Zdeno Chara skated 22:05, Dougie Hamilton was on the ice for 17:23 and Johnny Boychuk played a team-high 24:33. While Boychuk exceeded his season’s average by three minutes, Hamilton and Chara’s minutes were down. That’s not something you’d expect to see in a playoff game where the Bruins are struggling to slow down the Red Wings and doing it with their seventh and eighth defensemen in the lineup.
“Yeah, again, we talk about a tough game — we don’t know if this is going into overtime, we don’t know how long a series it’s going to be,” Bruins coach Claude Julien said. “But at the same time, when everybody’s doing a good job, there’s no reason to cut it back, and I thought our D’s did a good job. Again, when you don’t give that many scoring chances, it means they’re doing something pretty good, so there was no need again to over-tax certain players.”
Doing a good job and doing a “winning” job in the playoffs are two different things. Although the Bruins were credited with 34 hits, they obviously didn’t do enough physically to make the Red Wings think twice about going into the corners or going to the front of the net. Too many times Potter and the undersized Torey Krug were caught out against one of the Red Wings’ heavier lines. Those shifts tilted the game toward the Red Wings. Even when a scoring chance didn’t result, the momentum and the toll those shifts took didn’t benefit the Bruins. Chara, Hamilton and Boychuk are also offensive weapons, and more time for them on the ice might’ve avoided a 0-0 tie to begin with.
When Chara’s on the ice, he not only punishes opponents, he also intimidates them. A shift against any pair that lacks Chara is like a holiday and there were far too few of them. Hamilton and Boychuk, of course, can also inflict an ounce or two of pain. But you have to be on the ice to have an impact. Sure, Chara and Hamilton were on for Datsyuk’s goal, but that score was more on Reilly Smith’s weak play in the offensive zone than anything the defense pair did against one of the most gifted offensive players in the world working a little magic on the rush.

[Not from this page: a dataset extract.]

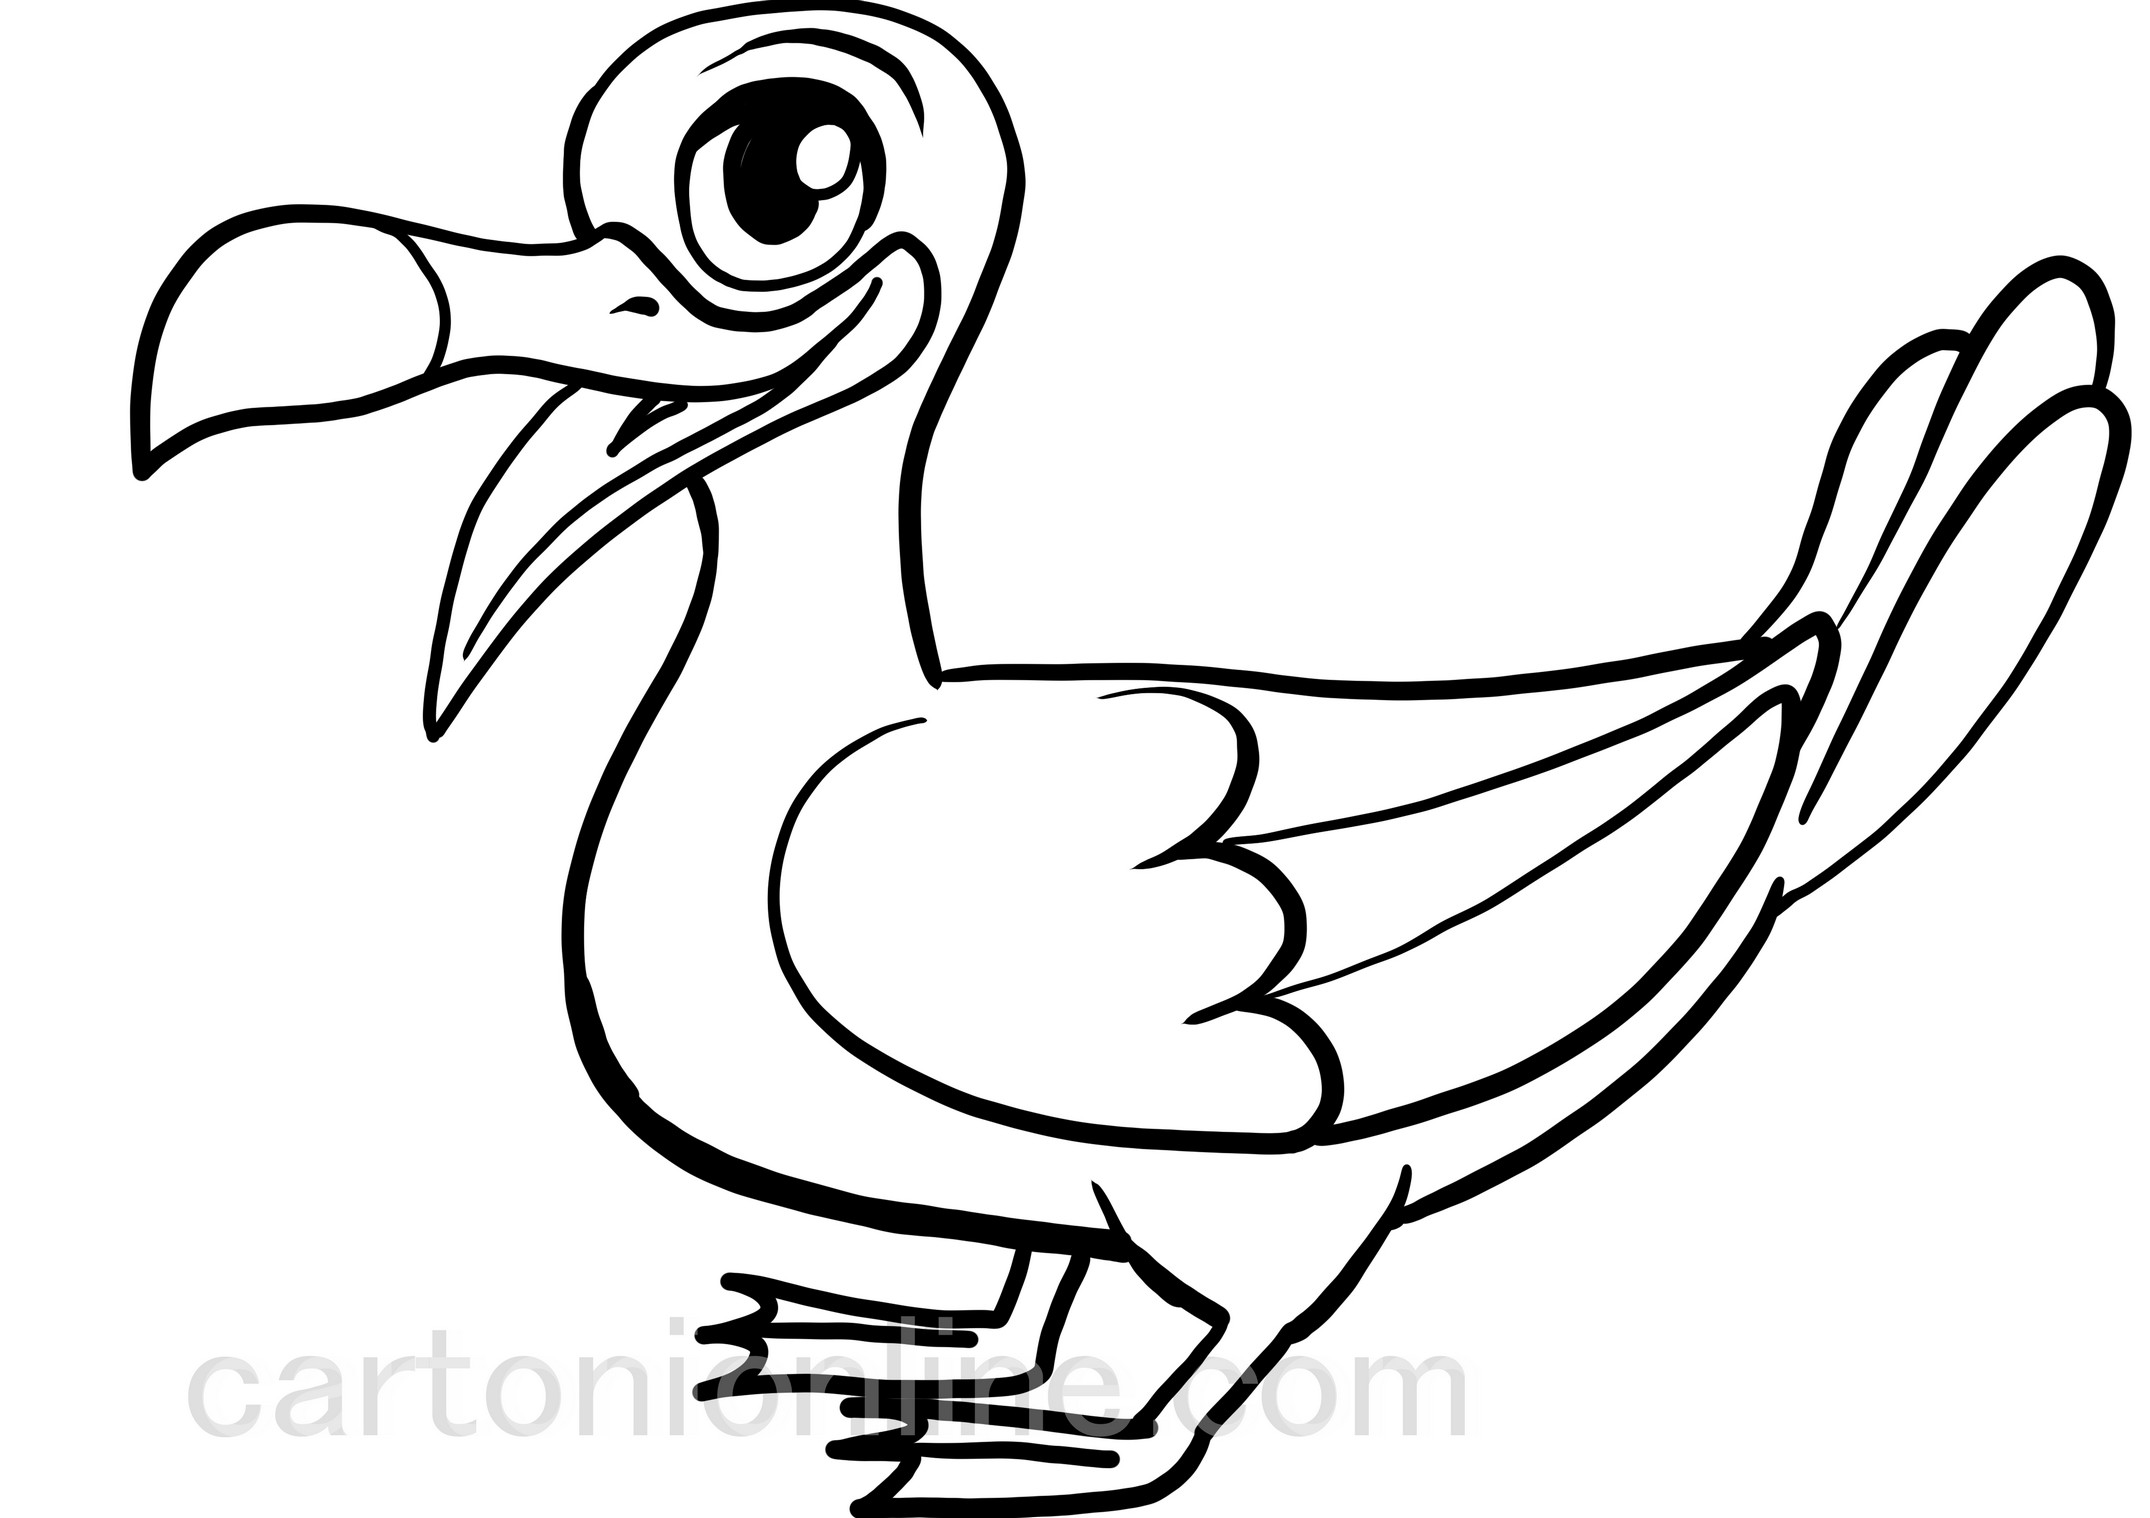 Albatross cartoon coloring page
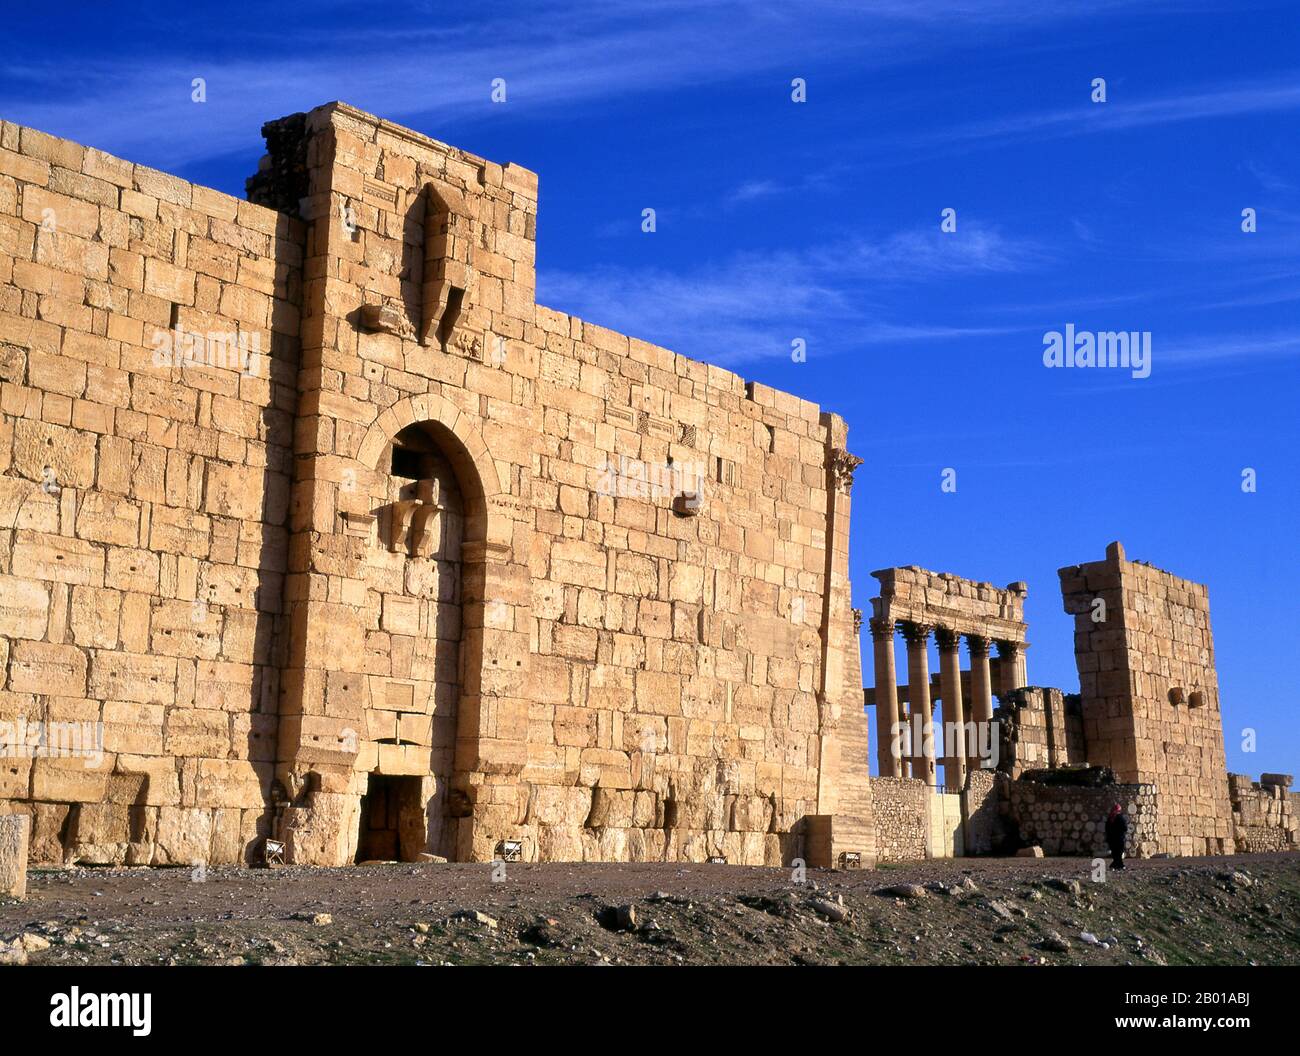 Siria: Il Tempio di Bel, Palmyra. Il Tempio di Bel, consacrato al dio Semitico Bel, adorò a Palmyra come Malakbel, costituì il centro della vita religiosa a Palmyra e fu dedicato nel 32 d.C. Palmyra era un'antica città in Siria. Era una città importante nella Siria centrale, situata in un'oasi 215 km a nord-est di Damasco e 180 km a sud-ovest dell'Eufrate a Deir ez-Zor. Era stata a lungo una città carovana vitale per i viaggiatori che attraversavano il deserto siriano ed era conosciuta come la sposa del deserto. È anche noto con il suo nome semitico Tadmor, Tadmur o Tudmur. Foto Stock

Center Patrice Bergeron, like a few other Bruins players, didn’t want to blame the shorthanded roster for the defeat.
“I mean it’s one of those things that you can’t control,” Bergeron said. “We’ve dealt with it before, so it wasn’t something that we put any emphasis on at the beginning of the game. We just have to go with it. And we have enough depth in here, and we believe in everyone that we can all do the job.”
There are different levels of capability and the Bruins didn’t get their high-end defensemen on the ice enough. If this series goes a couple of weeks and Chara, Hamilton and Boychuk are fresher, well then it might pay off for Julien and the Bruins. But you can’t plan for games that might not be played. And as banged up as the Bruins are (forwards Daniel Paille and Chris Kelly are also MIA), there might not be too many future games to expend the energy saved in Game 1.
The time to balance out the minutes is not when you’re banged up; it’s when you get healthy. Until then, the playoffs are about sacrificing and doing things that may be out of the ordinary. It wouldn’t have killed Julien to roll out Chara and Hamilton or Chara and Boychuk a few extra times and get their minutes more in the 27, 28-minute range. In fact, if Julien did that, it might’ve killed the Red Wings.
Detroit also balanced out its ice time somewhat evenly. But they’re the underdogs, they’re healthy on the back end and they didn’t have the second change. Instead of reacting to Detroit coach Mike Babcock’s picks, Julien should’ve focused more on mismatches and giving his best players ample opportunity to affect the game.
There should’ve been fewer chances for Potter to make big saves and more chances for Chara, Boychuk or Hamilton to turn the game in Boston’s favor. And if Boston continues to miss Miller and Bartkowski, the best Bruins defensemen better be asked to do more, and in turn respond. Or they’ll run out of time.